The following extract from de Guingand’s account of the campaign explains the genesis of this new departure in North Africa:10
We in the Army had always wanted to try out what is generally called a ‘Blitz’ attack. The Germans...used their dive bombers for that very close and intimate air support which we felt would prove very effective. Hitherto the close support given to the attack had always been by bomb from the light bomber, and the fighter bomber. The RAF had for very good reasons been against the dive bomber, but we felt the cannons from the fighter bomber with their bombs dropped from comparatively high the fighters might prove more deadly and disrupting to the enemy than altitudes. In view of the importance of this attack, and the narrow frontage to which we were confined, this did look to be the right occasion for trying out this type of attack. Using the fighter in this low-flying role over the immediate battle area was a considerable risk, and it was possible that the casualties would prove very severe. On the other hand, we felt that, from our own experiences from low-flying attacks, the defence took some time to recover equilibrium, and that some sort of temporary paralysis often set in.

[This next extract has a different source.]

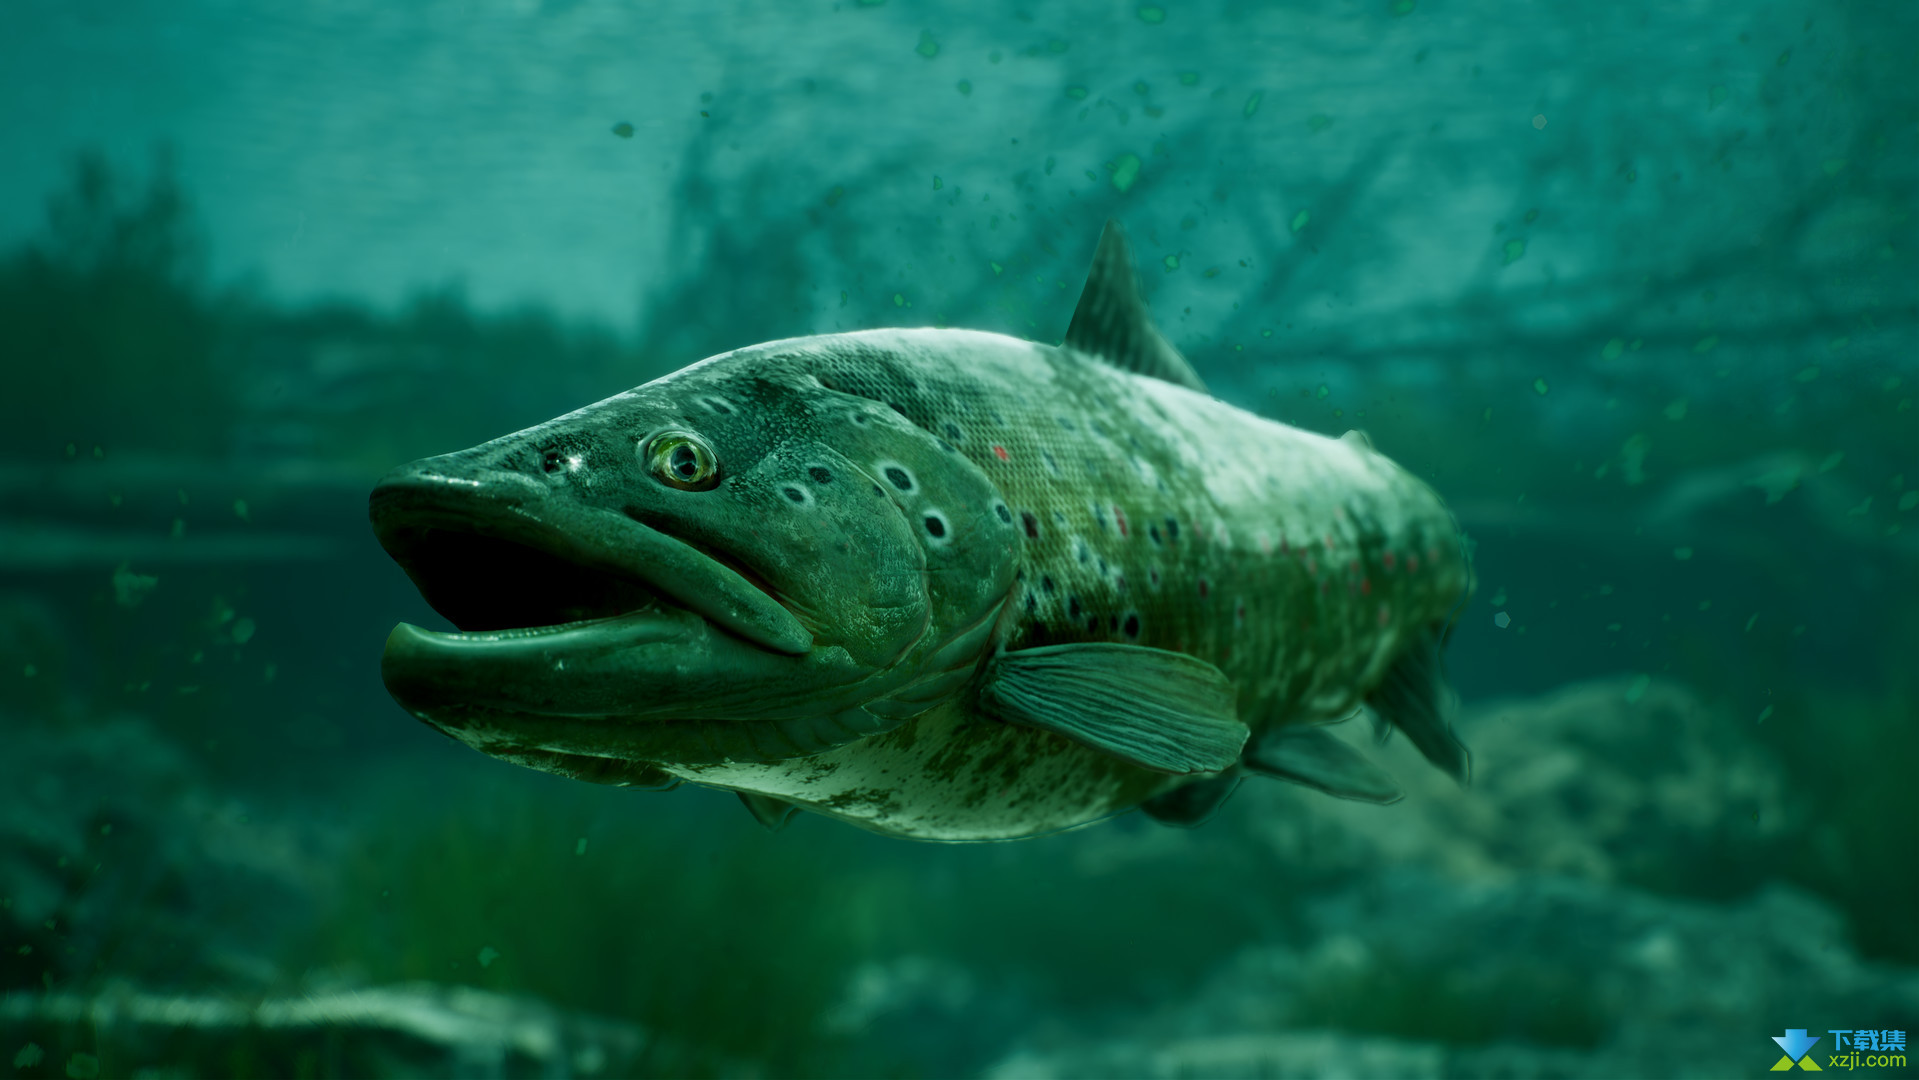 捕获物鲤鱼和大鱼界面3

The Commander of the Western Desert Air Force, Air Vice-Marshal Broadhurst, agreed to give full co-operation and supply ‘the whole boiling match’, and both commander and pilots entered into the plan with an enthusiasm that guaranteed success.
Brigade Operation Orders
Fifth Infantry Brigade operation order was received by battalions early on 26 March. The order largely recapitulated what has been said above in relation to 10 Corps and NZ Corps orders, but the following paragraphs applied particularly to the brigade:
8. The attack will be made on a two bn front, 28 NZ (Maori) Bn on right, 23 NZ Bn on left, supported by RAF, Arty, and with two regts hy tanks (Notts Yeo and Staffs Yeo) superimposed on Bde front.
...
17. Carriers
(a) Two secs carriers from 21 NZ Bn will report forthwith to 28 NZ (Maori) Bn and will come under comd on arrival.
(b) Carriers universal and mortar will move behind by tanks and ahead of light flanks with special tasks of: –
(i) Protecting flanks
(ii) Attacking and neutralising enemy A Tk guns
(iii) Covering exploitation and consolidation.
18. Special task: 21 NZ Bn will remain in present area and will assist adv by
(i) Giving protection to right flank
(ii) Neutralising all enemy fire possible.
19. Action on capture of final objective
(a) Exploitation
(i) 23 NZ Bn will exploit to limit of high ground on axis of adv.
(ii) 28 NZ (Maori) Bn will exploit to limit of high ground on axis adv and to high ground on EAST.
(b) Reorganisation: will proceed under unit direction on final objective.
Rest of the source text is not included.